I had an extremely interesting and quite unique time with my plant observations and studies. I met many obstacles and difficulties midway through my studies, but these hardships actually helped me become more interested and connected to the plant I was studying. These difficulties included having my plant harvested midway through the block, resulting in my trying to regrow my plant with the little time I had left. This special plant of mine was the flax plant, also known as Linum usitatissimum. I had actually noticed the flax plant in the garden quite a while before the botany block ever started. Once we were told to choose a plant, I immediately thought about the beautiful swaying flax in the garden. I was originally drawn to the height of the plant as well as the delicacy of its purple flowers. It had me thinking about how much i adore tall fibrous plants I have seen in fields. I admire these plants because I love watching the tall stems sway to and fro in the breeze, but there is so much more to these tall plants than I had originally imagined. My plant had an airy quality that I loved so much. Even the flowers and seed pods held an air of delicacy while the plant still showed healthy, strong, and upright qualities as well. Along with its airy quality, it attracted many insects, for it acted as a safe home (before this home was harvested and knocked down). Although I experienced the home of many insects being torn down, I was also able to experience the cycle of life. I watched three different life forms through the entire process of my plant studies. The insects dwelt within the plant, and then the children harvested their home. The flax will then be used for our own resources, but will continue through many generations onward as I am currently attempting to sprout the plant from the seeds I had gathered.
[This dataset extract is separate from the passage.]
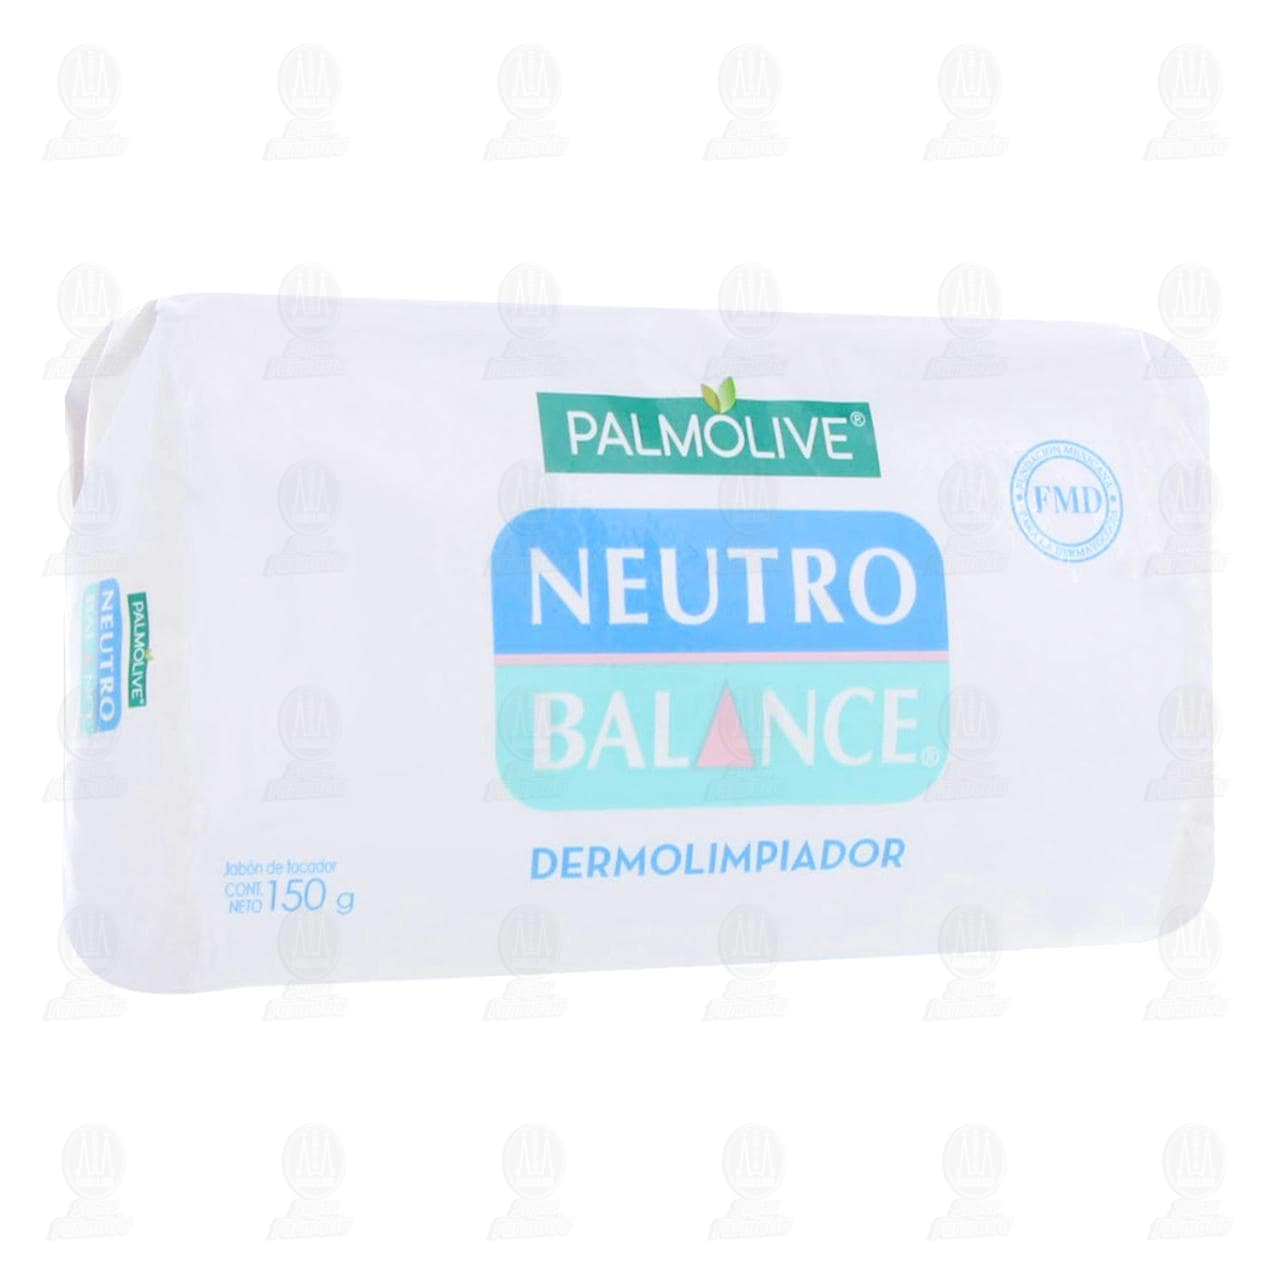 Comprar Jabón en Barra Palmolive Neutro Balance Dermolimpiador en Barra, 150 gr. en Farmacias Guadalajara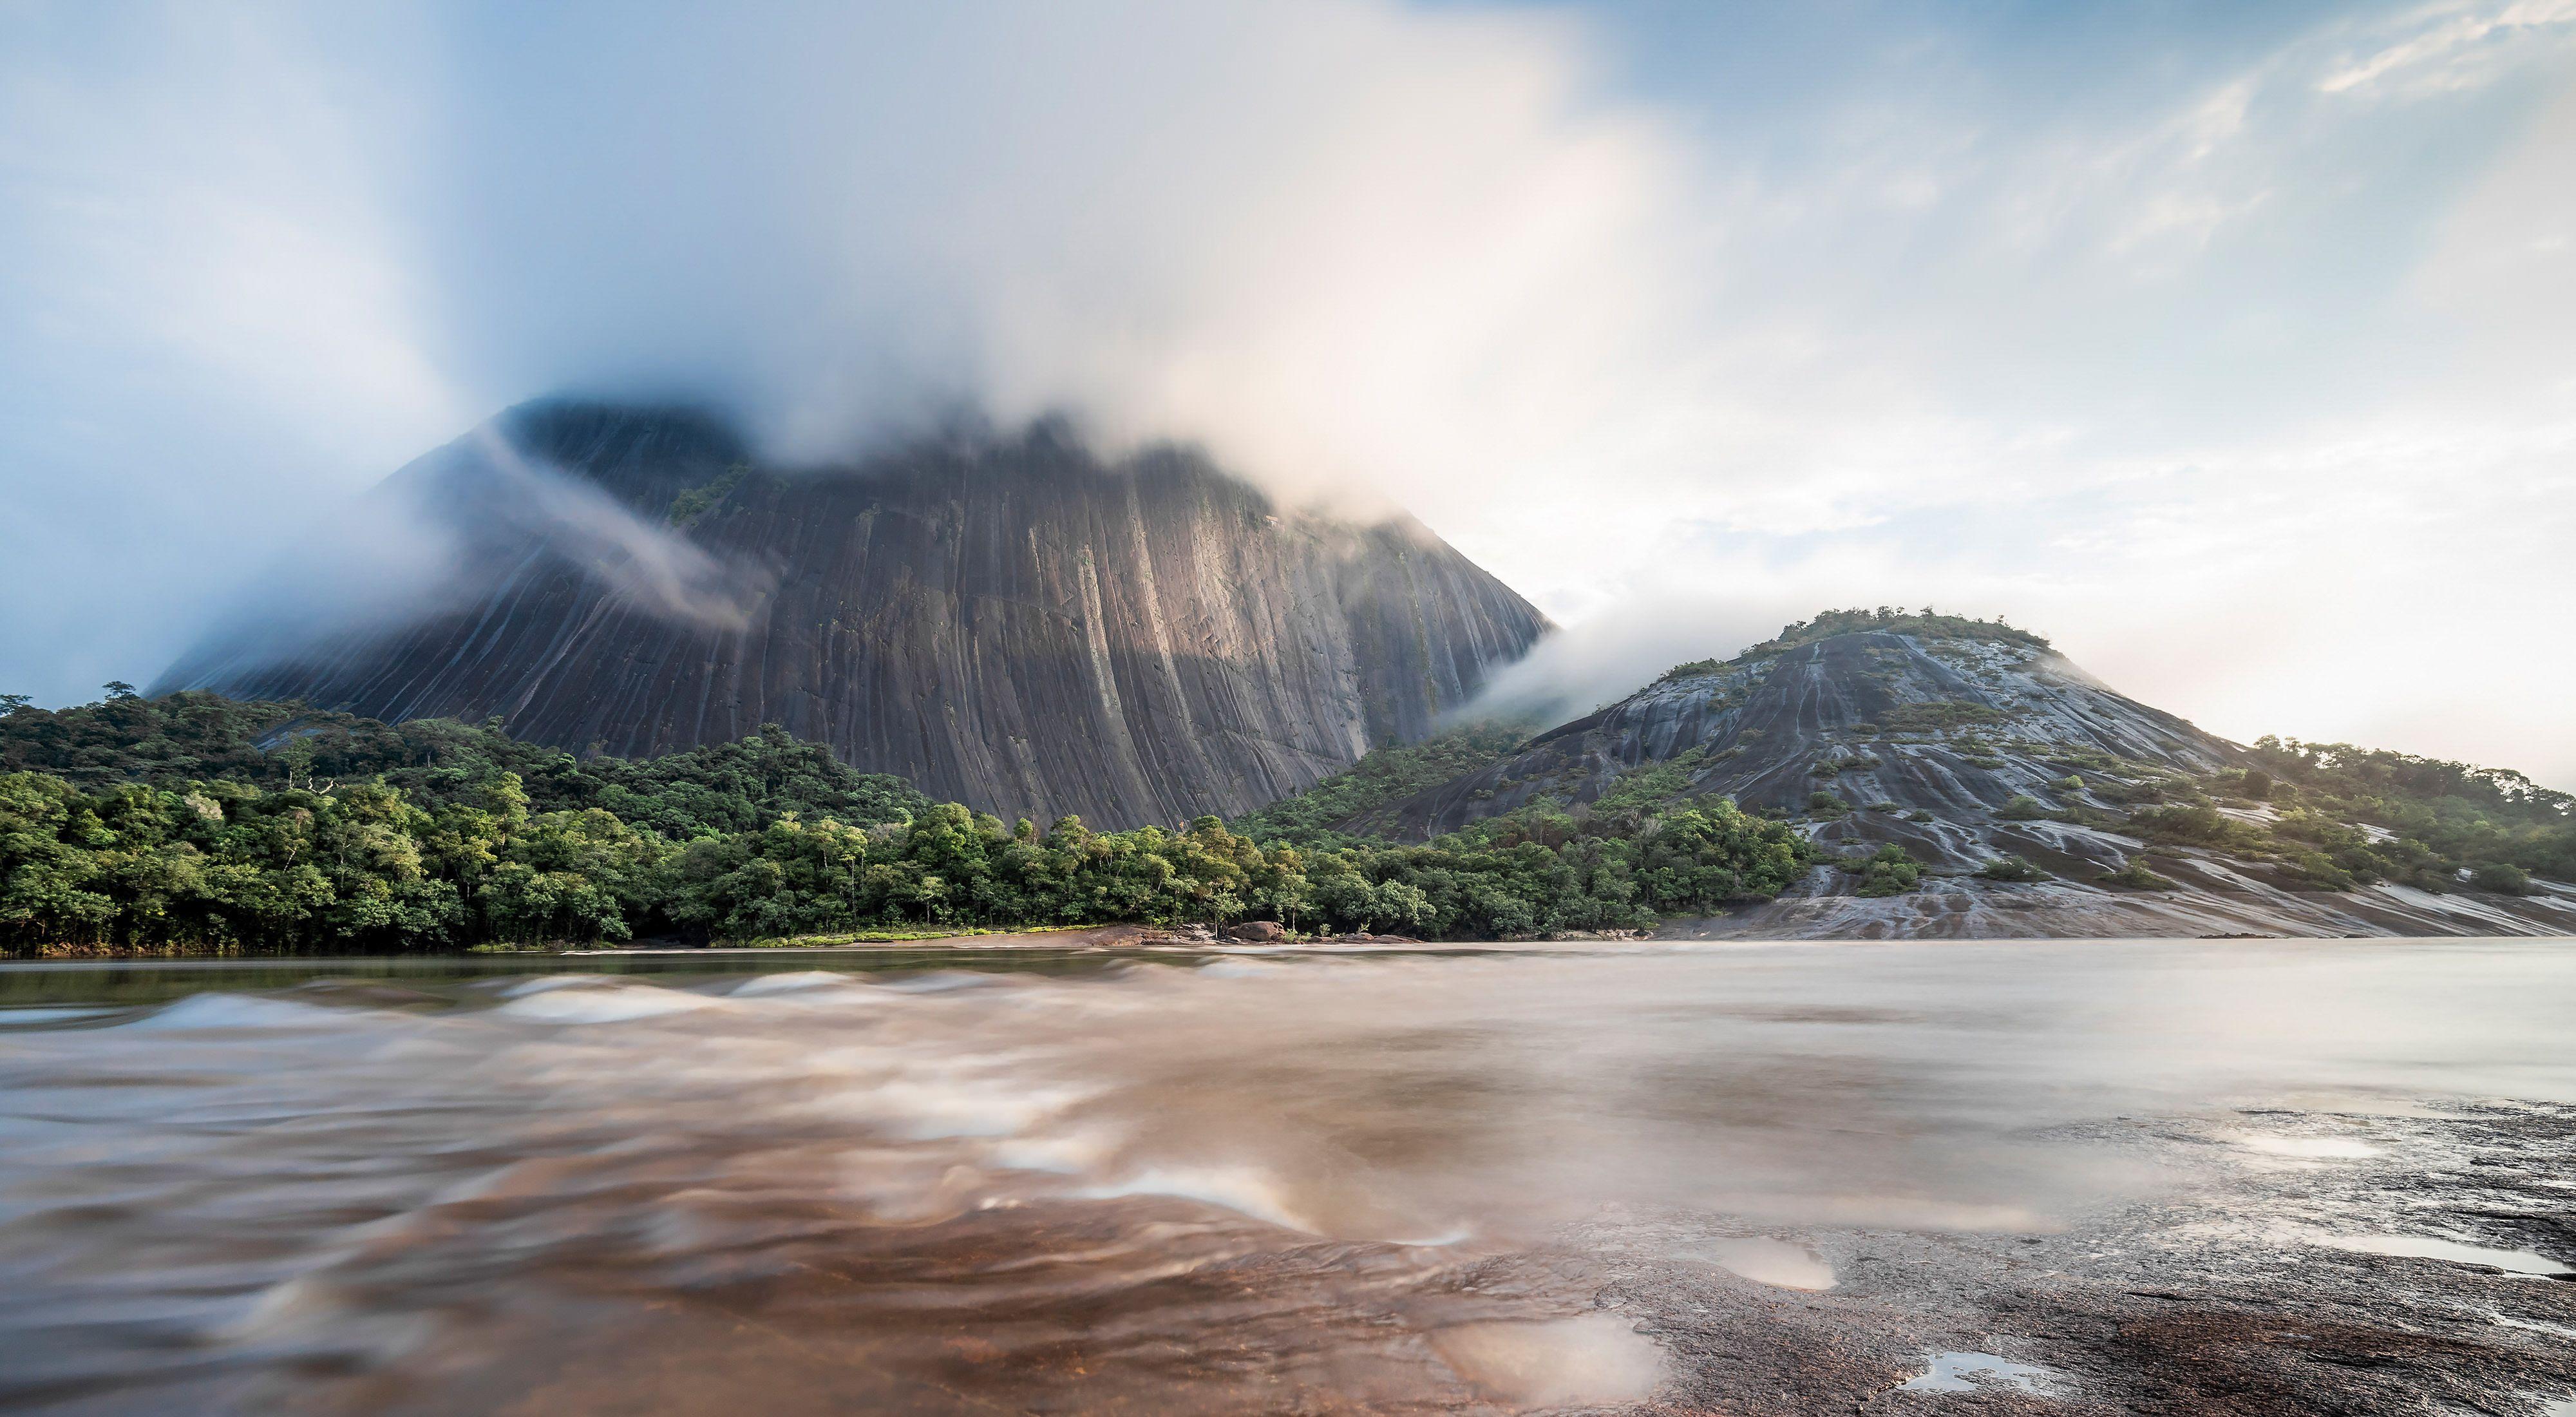 río Inirida, Colombia

Although I had to experience many difficulties with my plant study, it taught me to be accepting of obstacles that come across my path. It taught me to learn how to adapt, just as a plant learns how to adapt to its surroundings. As both humans and plants are living beings in this world, we must learn to adapt to the hardships in our lives because that is the only way we can thrive. In this way , we truly are related as we share and adapt to the beautiful ecosystem we call home.